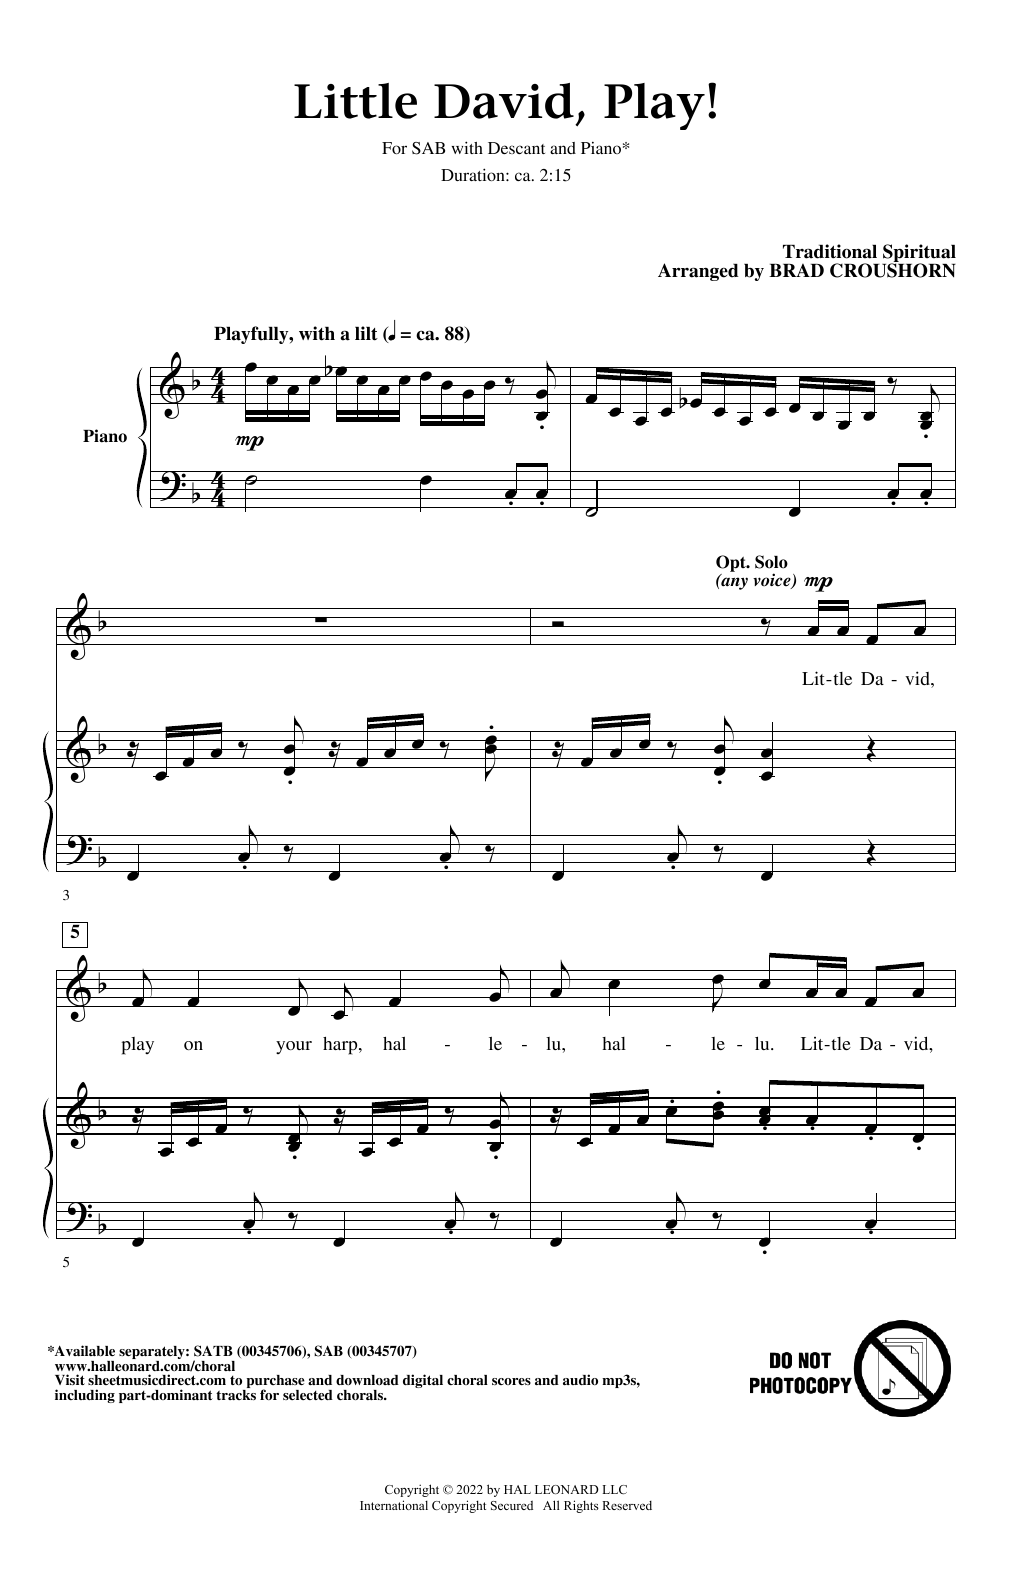 Traditional Spiritual Little David, Play! (arr. Brad Croushorn) sheet music notes and chords arranged for SATB Choir
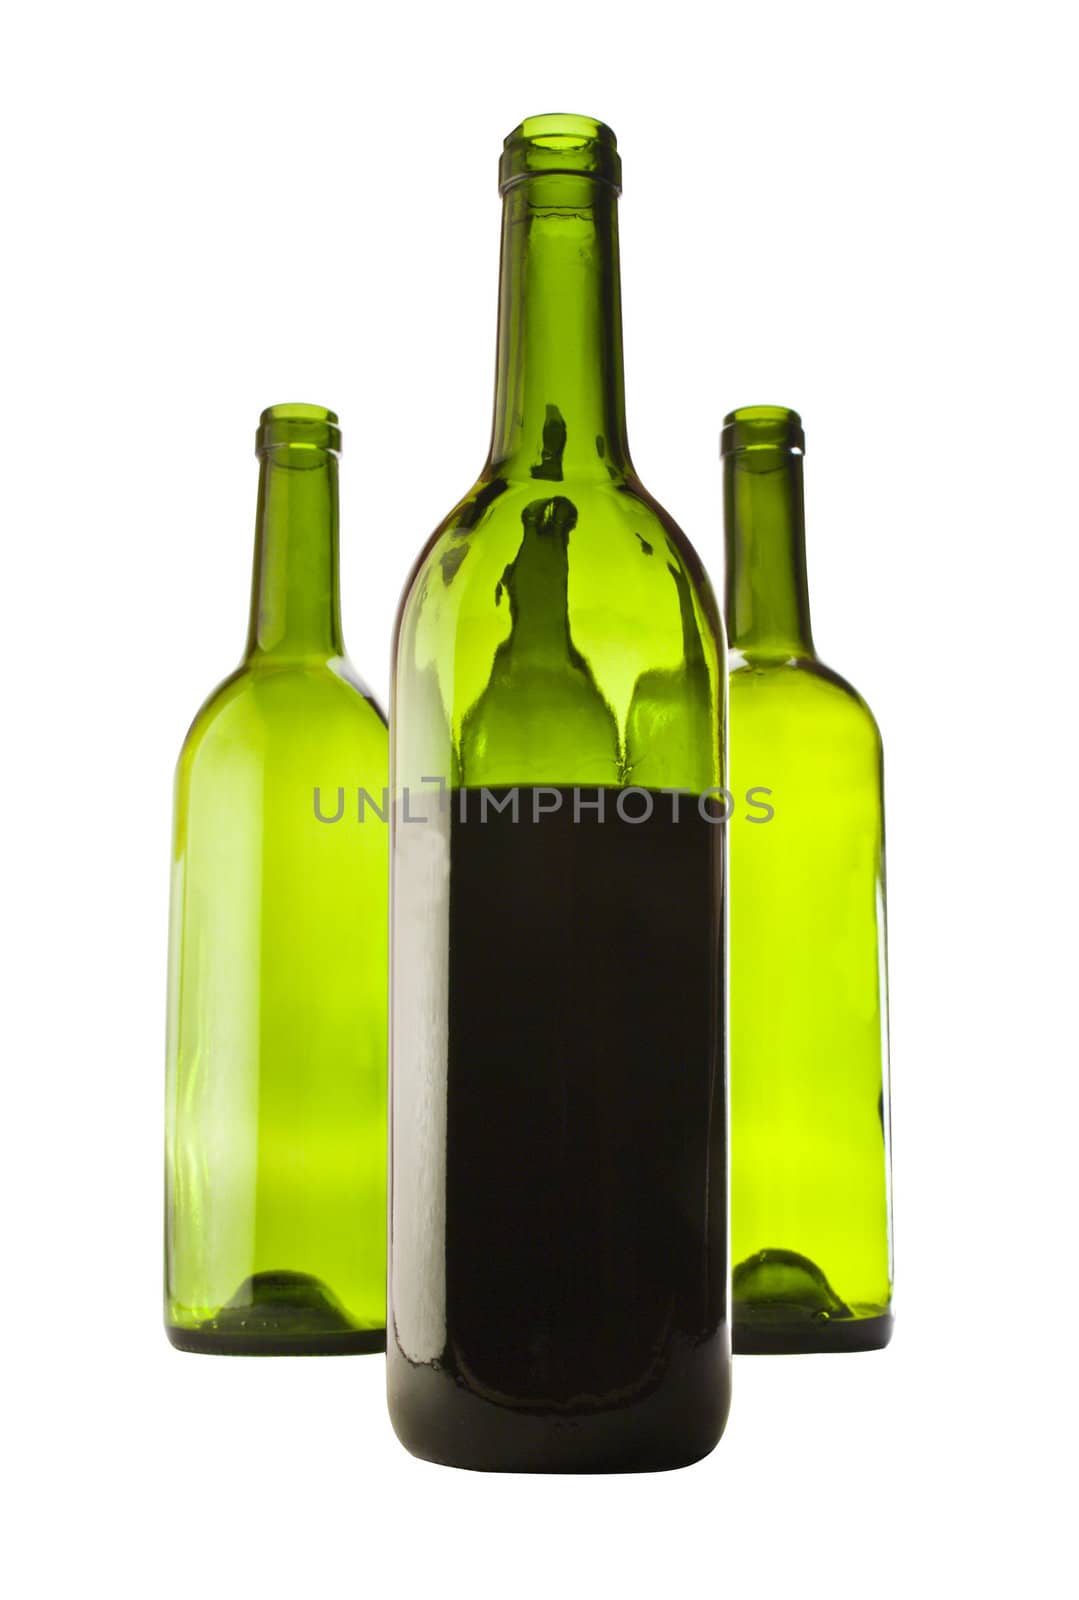 Wine bottles2 by smoki
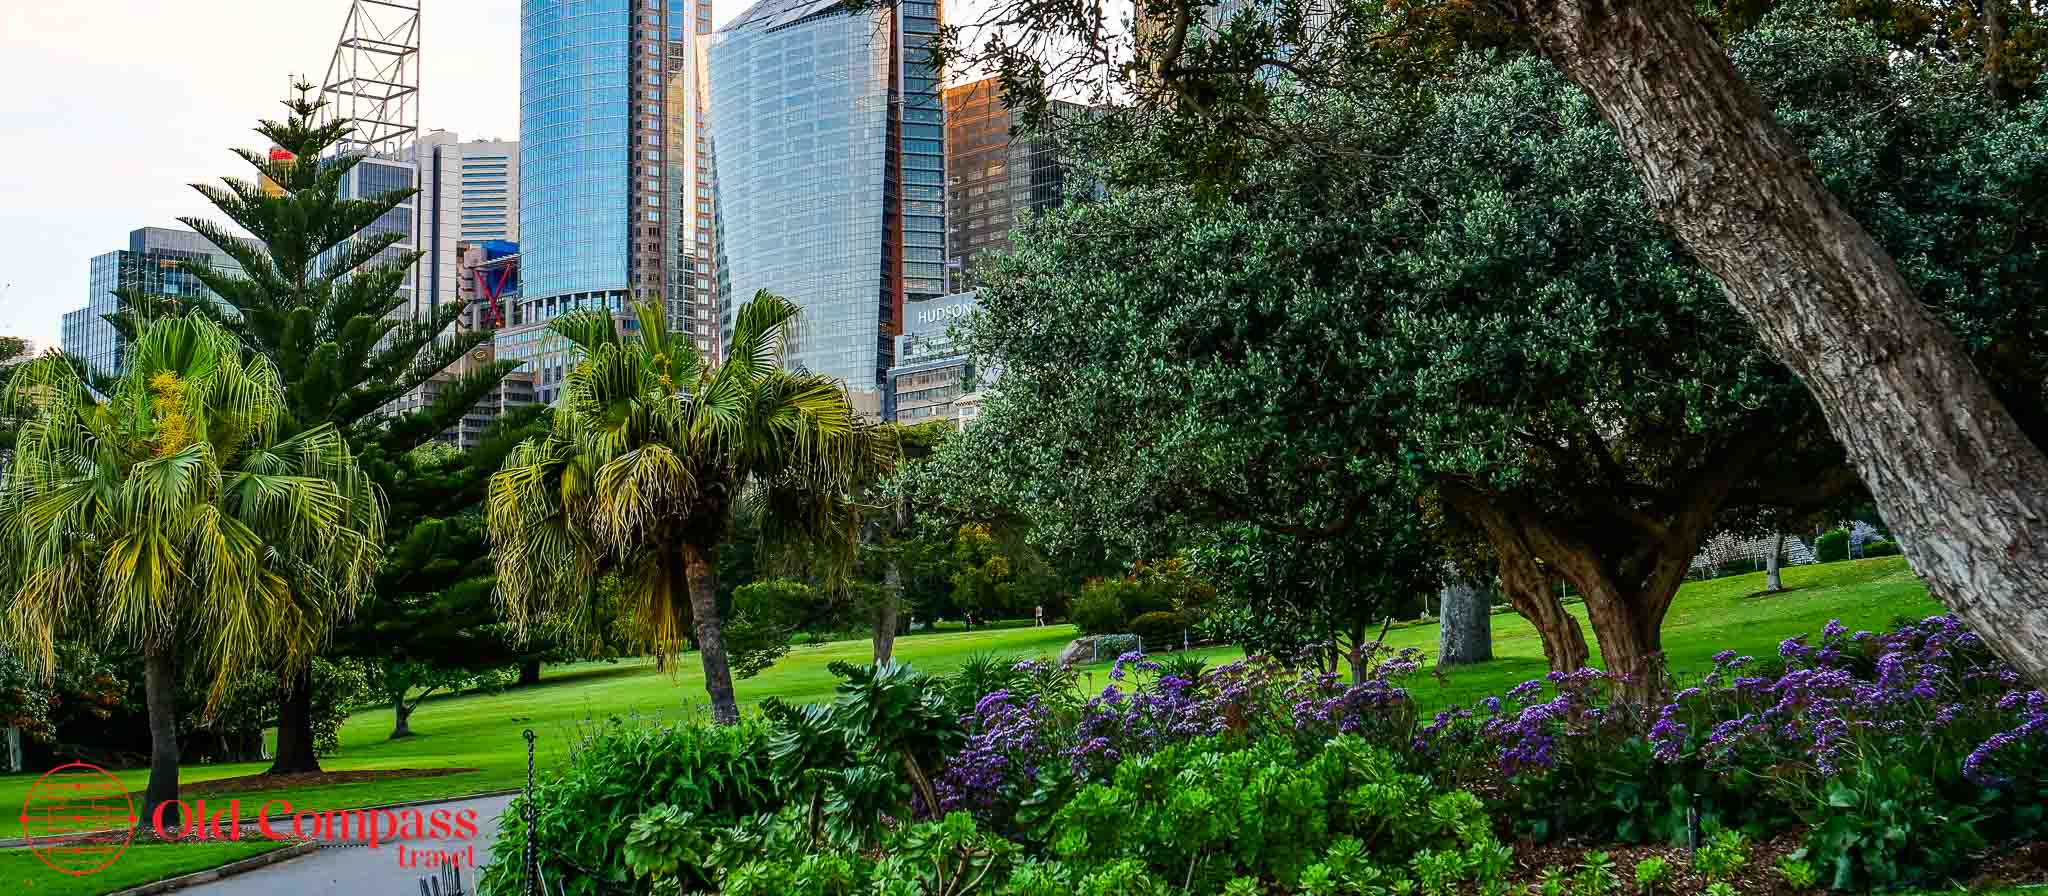 Royal Botanical Gardens and the modern Sydney skyline

******

- Work instructions
With the images removed, reproduce all the material above word for word.

- Solution for this exercise
 Traditional Spiritual Little David, Play! (arr. Brad Croushorn) sheet music notes and chords arranged for SATB Choir
 Wine bottles2 by smoki
 Royal Botanical Gardens and the modern Sydney skyline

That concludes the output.